A very strong result after keeping two things in mind; first, FY17 included the company's first sale in the newly created Technology division for $1.44m. FY18 did not have a Technology sale, however one has been recorded so far in FY19 with management confident of more. Excluding the Technology sale from FY17 and "core" revenue grew 27%. Second, 1H18 was an investment period for LBL as they increased their workforce by over 40% to meet the increased demand from customers. This resulted in higher training and overtime costs which impacted profit margins in the short term. However, 2H18 saw a rebound to higher profit margins in line with historical figures. Isolating the 2H18 NPAT results in $1.02m, a more accurate number for the on-going earnings of the business.
Looking at other comments from the Chairman and Executive commentaries:
Core revenues are expected to grow at "similar" levels to FY18 with margins returning to higher historical percentages.
Several EPS accretive acquisitions have been identified and currently in negotiations.
New product designed for the steel industry has had successful trials with an Australian customer and now in talks with major US steel producer.
Strategic plan put in place to generate $40m revenue within 4 years.
10/8/18 LaserBond signs Technology Licensing Agreement with UK Multinational
As flagged in their FY18 guidance, LBL has signed their second Technology sale. The customer is a UK based multi-billion, multi-national engineering company. Based on my back of the envelope numbers this will add $1.5-2m to revenue in FY19 which would be in line with the first Technology sale of $1.4m.
LBL stated that this sale only relates to the customer's UK operations, but given they have operations in all major continents the chance of further Technology sales is high. A further comment of other enquiries being received about Technology licensing also sounds promising.
5/2/18 FY18 Revenue
LBL announced core revenue growth of 27% with margins rebounding to historical highs after 1H18 was a period for re-investment.
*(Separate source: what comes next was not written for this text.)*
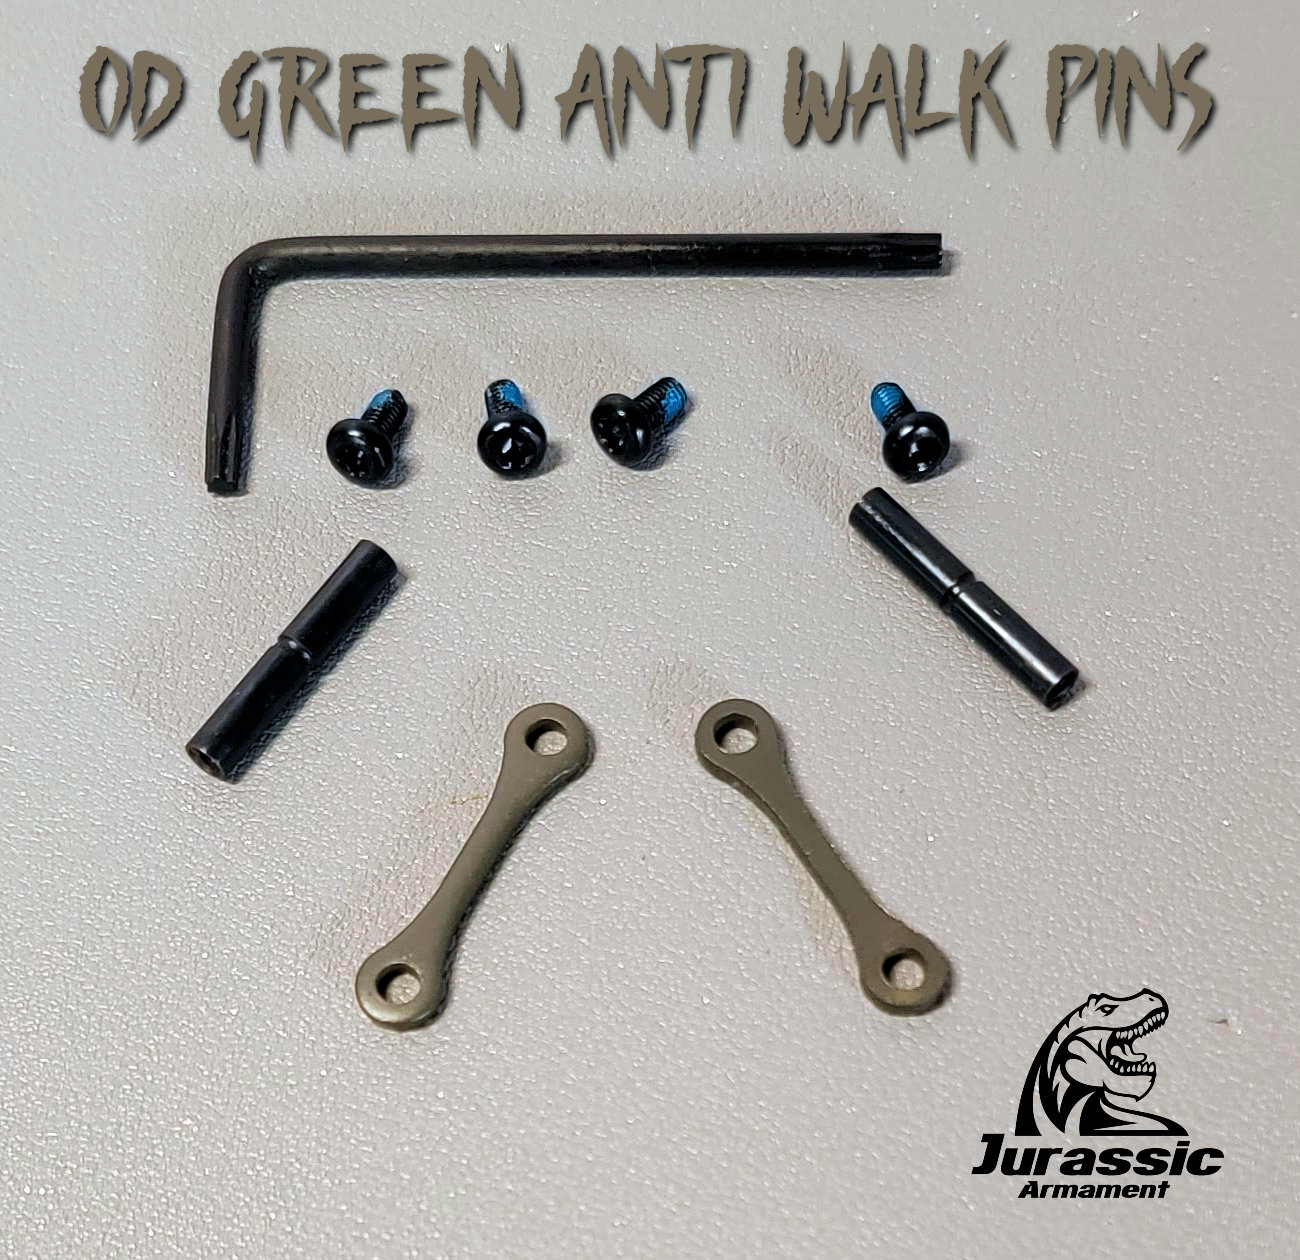 AR15 / AR10 Anti Walk Pins Installation

Guidance for FY19 was for continued double digit growth with margins remaining consistent.
LBL's new Technology division which involves LBL licensing their technology reports lumpy upfront sales with on-going licensing payments. After reporting their first sale in 2H17 ($1.4m) there was no sale in FY18. However opportunities have developed and LBL expects to announce a second Technology sale in FY19.
Tiny family-run business focused on the provision of laser coating services primarily for mining and manufacturing. Product provides a longer useful life for equipment used for drilling or grinding. Tied to mining capex and share price has languished since 2012.
However company remains profitable and paying a small dividend. FY18 results muted by investment in staff and R&D, however experienced management team believe benefits will flow through in FY19.
18 September 2019: Taylor Collison Limited (TC): "Laserbond (LBL.ASX) Recommendation Outperform - Initiating coverage: the clever Australian"
"Our view – initiate with outperform
TC initiates coverage of Laserbond with Outperform and a DCF price target of 84 cents.
Valuation and recommendation
Laserbond offers good value at current levels with a P/E of 18.2X FY20 and 13.4X FY21 driven strong eps growth profile. This growth is supported by a solid established competitive advantage, lowly geared balance sheet, a humble business culture and a good corporate governance. It is a quality business.
Macro conditions remains relatively favourable with many major commodity prices at solid levels, firm infrastructure spend and plethora of sunk heavy machinery investment that needs repair and /or improvement post the mining investment boom."